Я смотрел на все происходящее, стоя за одним из аттракционов и выдергивая лебеду и крапиву, возвышавшуюся выше шиповника. Что удивительно — на специально закупленном дорогущем грунте для кустарников растет все что угодно, только не сами кустарники. Шиповником было засажено все пространство за аттракционами из тех соображений, чтобы туда никто не ходил — ни из любопытства, ни по малой нужде, тем более что рядом располагалось более комфортабельное для того заведение, вносившее немалую часть в дневную выручку парка.
Лебеда маскировала шиповник, и частенько это играло злую шутку с посетителями. Потому было принято единственное верное решение — убрать сорняк. И естественно это миссию доверили мне, выдав плотную рабочую куртку и несколько пар перчаток сродни тем, в которых работают сварщики. Из кустов наблюдать за тем, что происходит в парке, было одно удовольствие.
— Да, я все понял, подписывайте документы, а завтра утром я приму решение.

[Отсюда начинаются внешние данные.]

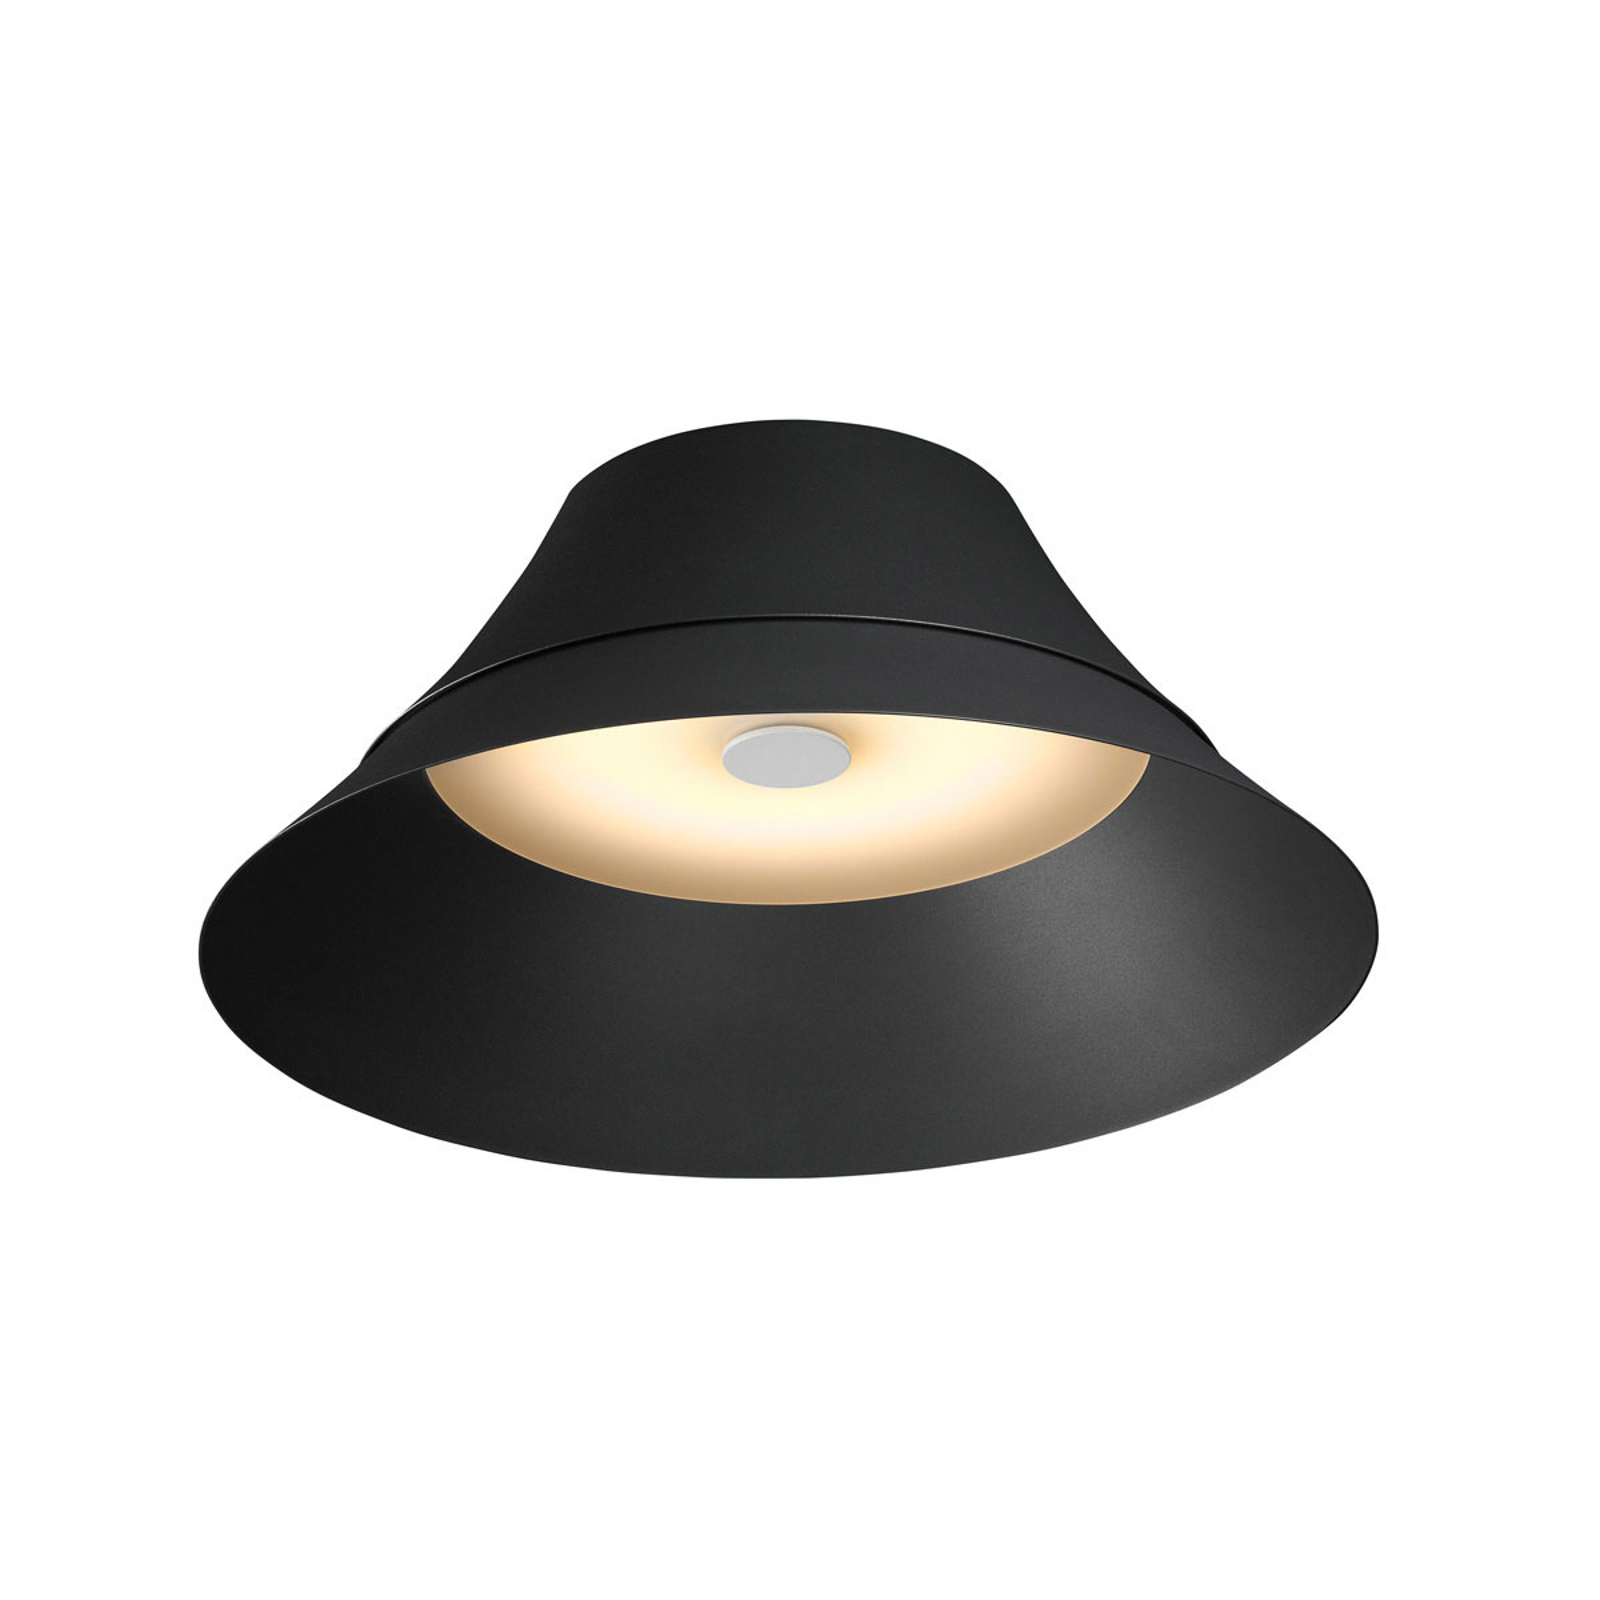 SLV Bato 45 LED-taklampe, svart
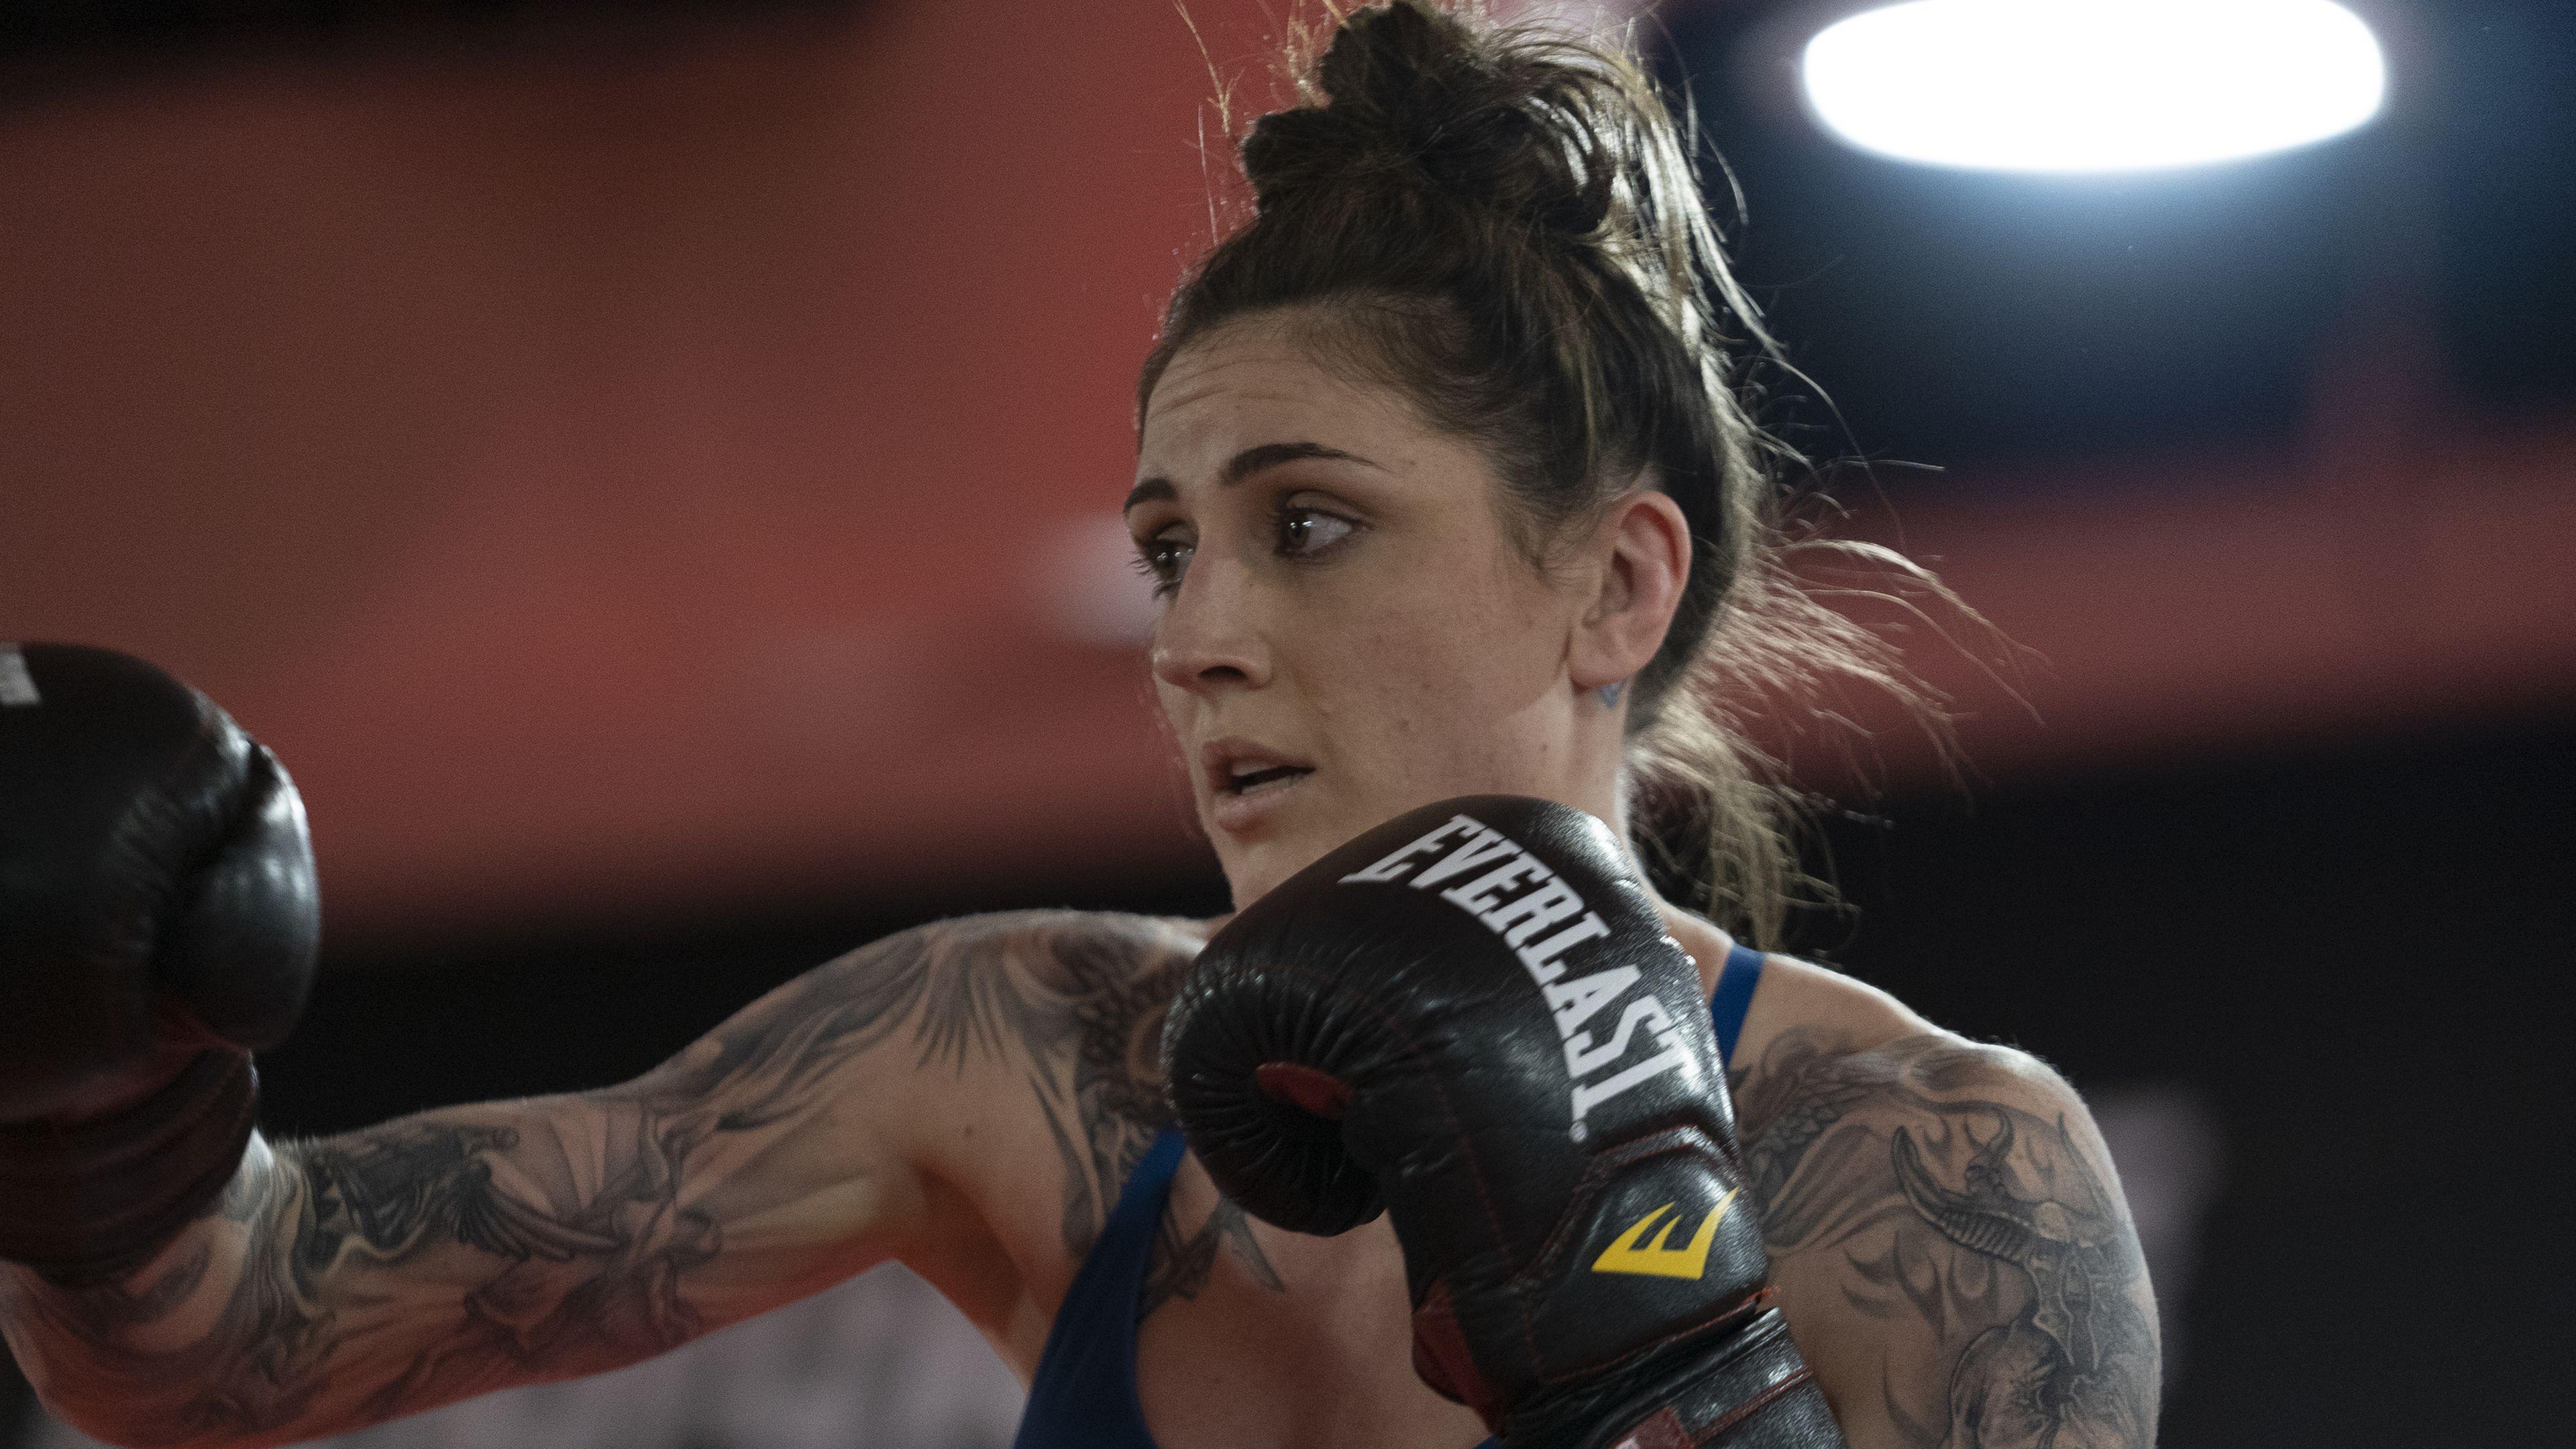 EXCLUSIVE: Megan Anderson ready for historic world title shot against Amanda Nunes

Да, отлично, — не обращая внимания на попытки сына привлечь внимание, папа решал какие-то дела по телефону. — Все понял…
— Ну, папа, пойдем на вон тот аттракцион, смотри, папа!
«Вон тем аттракционом» была катапульта. Вышка высотой метров в двадцать пять-тридцать, больше напоминающая фонарный столб, по которой двигалась скамейка. Скамейка медленно поднималась наверх, через секунду с ускорением падала вниз, и, не долетев до земли метр, не больше, снова взмывала с ускорением наверх. Знающая публика обходила этот аттракцион стороной. Для поддавшихся искушению все выглядело довольно невинно. Впрочем, так оно всегда бывает, когда стоишь внизу и смотришь наверх, как меняются лица в процессе действа.
— На этот? — переспросил папа, спрятав телефон в карман, — Ты уверен? А что это?
— Катапульта, папа, — довольно ответил мальчик, — Помнишь, я тебе говорил, что Вовка из нашего класса рассказывал, как на ней клево. Как будто летишь! Он уже два раза тут катался. Пап, давай прокатимся! Пап, ну, пожалуйста, ты обещал!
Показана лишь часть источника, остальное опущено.